EVOLUTION OF ISLAMIC BANKING INDUSTRY
Clearly aimed at helping Muslims save for their expenses before they embark on Hajj (a pilgrim site), September 1963 sealed the date of establishment for Perbadanan Wang Simpanan Bakal-Bakal Haji (PWSBH) in Malaysia. Fast forwarding 55 years later, Malaysia today houses around 16 Islamic Banks that is regarded as the strength of its successful financial market and economy. Since Islamic transactions prohibited interest, it continued to be in huge demand especially, among the economically weaker section. With PWSBH coming into being, the number of depositors increased from 1,281 to 8,67,220 which resulted in the collection of deposits of over 1 million Malaysian ringgits. This successful experience led to the establishment of various Islamic banks especially in Egypt, that prioritized the needs of the rural areas. The fueling success led to the formation of Nasser bank in Cairo in 1972, which in turn led to the creation of Islamic Development bank that aimed for the development of Muslim community. With success shining in every corner, ‘interest-free’ banking has led to people of different religion across the globe prefer Islamic over conventional. Also, across the Middle East, Africa and Asia, Islamic Banking has emerged as the prominent means of managing finances.
BAHRAINI EXPERTS SAY ON ISLAMIC BANKING
On being questioned about the reason behind the preference of the crowd for Islamic over conventional, Dr. Jarmo added, “In Islamic countries, there is a significant amount of unbanked Muslim population who stay away from formal banking practices due to various reasons. From belonging to the economically weaker section to poor accession to conventional banking facilities, even disagreement with the principles of conventional banking is another attributed reason.” Though the documentation process is limited in conventional banking, he stated the desire for greater financial inclusion as the main reason which strengthened the foundation of modern Islamic Banking. Based on a survey that he conducted, he described that a significant amount of people loved Islamic Banking, but determined their choices based on which type of financing was more competitive.
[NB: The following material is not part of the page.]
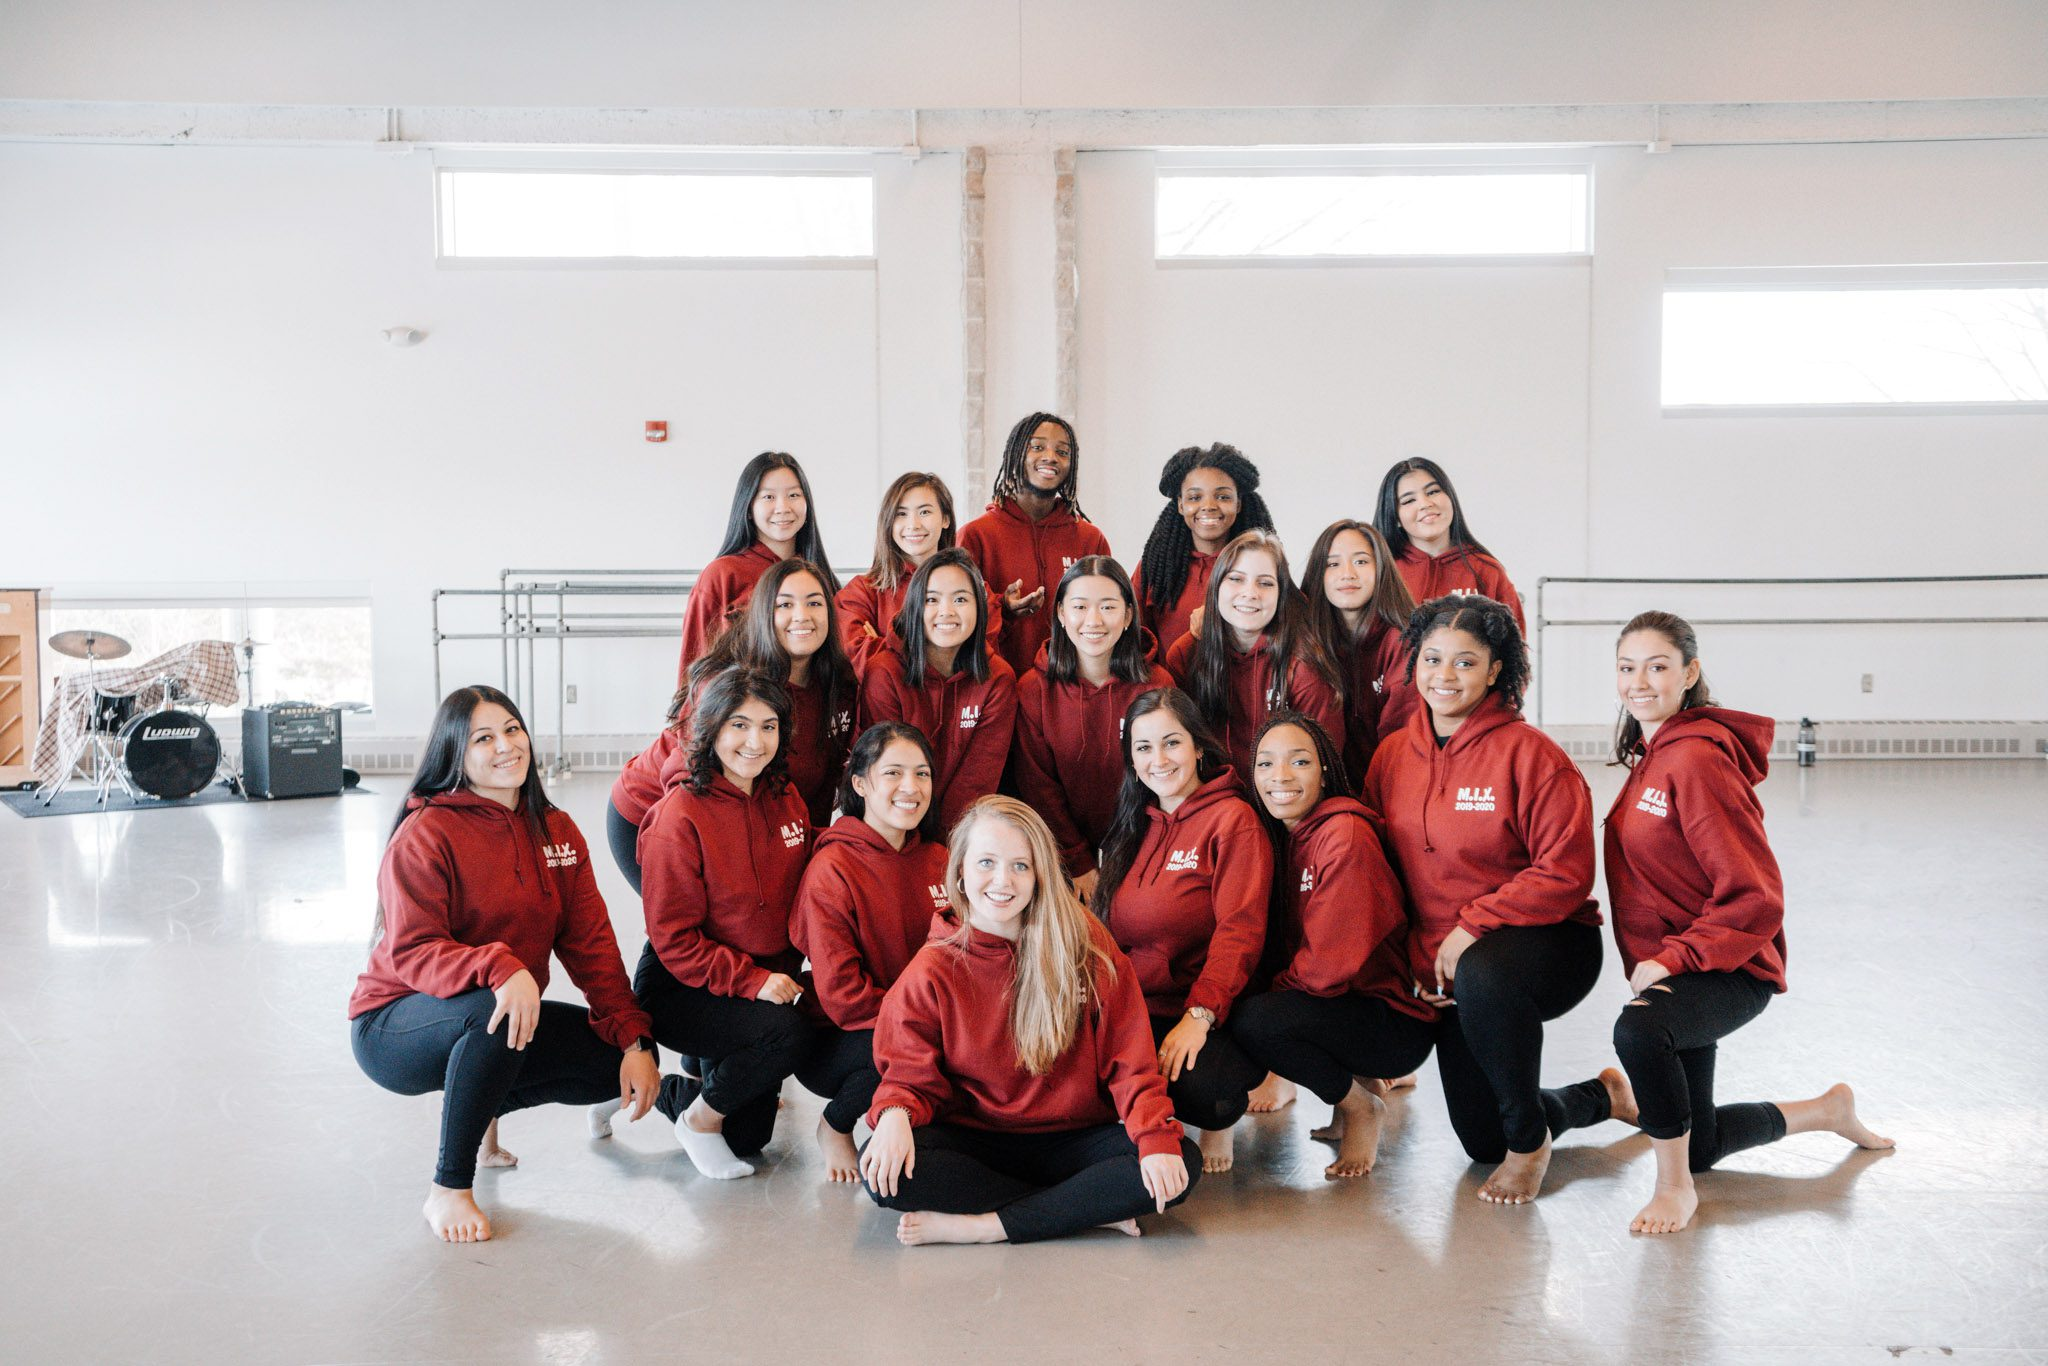 Portrait of M.I.X. members in a dance studio.

Overall, it was all about the prestige associated with the alternative that propelled success.
But, according to Shyam Krishnan, a chartered accountant with SICO bank, he stated that most of the corporate houses and customers preferred Islamic banking due to lesser risk exposure and in-depth clarity between counterparties. He also said, “Though religious requirements could be a part of constitutional requirements, one of the key factors is that every financial move is in accordance with Sharia approvals and involves detailed documentation, thus minimizing risk.” When no interest is involved in monetary transactions, the process of banking becomes tedious, which often results in switching over to favorable financial alternatives. But, Ahmed Mohammed Al Namrooti, a supervisor at Al Baraka Bank said, “Islamic Banking is transparent in its approach, that follows rules laid down by the Sharia. When compared to conventional, it refrains from hidden charges and floating interest rates, which may be a question of profitability to a few. But, with the provision of financial products like mortgages and loans to equity funds and bonds in accordance with Sharia, it compensates for interest-free transactions.”
Tasting its first success in Malaysia, the influence among the GCC countries was so tremendous that their economy breathed, ate, slept and lived only on ‘ISLAMIC FINANCING.’ According to a report published by the World Economic Forum in 2015, Saudi Arabia led with 31.70% of Islamic Banking assets. UAE stood at 14.60%, Kuwait at 10.50% and Qatar at 7.70%. According to a report by Economic Development Board on January 2018, Islamic financial assets of Bahrain grew from 7% globally to 2.2 trillion $ in 2016, and it is estimated that by 2022, it will touch the mark of 3.8 trillion $. “Though Malaysia ranks third as the global leader, I would also like to add Bahrain in the list as it is distinguished for its advanced level of Islamic transactions. Due to culture and behavior of customers considered the forte in this type, Bahrain ranks ahead for its profitable services by Islamic banks and Islamic windows,” added Ahmed. The best part is, there are not just Islamic banks, but also Islamic windows that have been opened in conventional banks, which creates a sense of awareness in every customer. According to a report by Thomson Reuters on September 4, 2014, Because of the success garnered in the usage of the financial instruments for profit generation: Mushakarah (partnership), Mudarabah (Islamic contract referring to the supply of money to other), Murabahah (sale term) and Ijarah (leasing), Bahrain has been ranked second after Malaysia globally and first in the MENA region.
“When Islamic banking was introduced, there were people who wondered whether it could survive in the banking sector or not. But, its prominence has proven that in the capitalized world, economic benefits outweigh religious principles,” added Dr. Gagan Kukreja, Associate Professor at Ahlia University. He attributed the success to a large part of the Muslim population who are driven by their religious beliefs and stated that Islamic financing will continue profiting its customers on a large scale.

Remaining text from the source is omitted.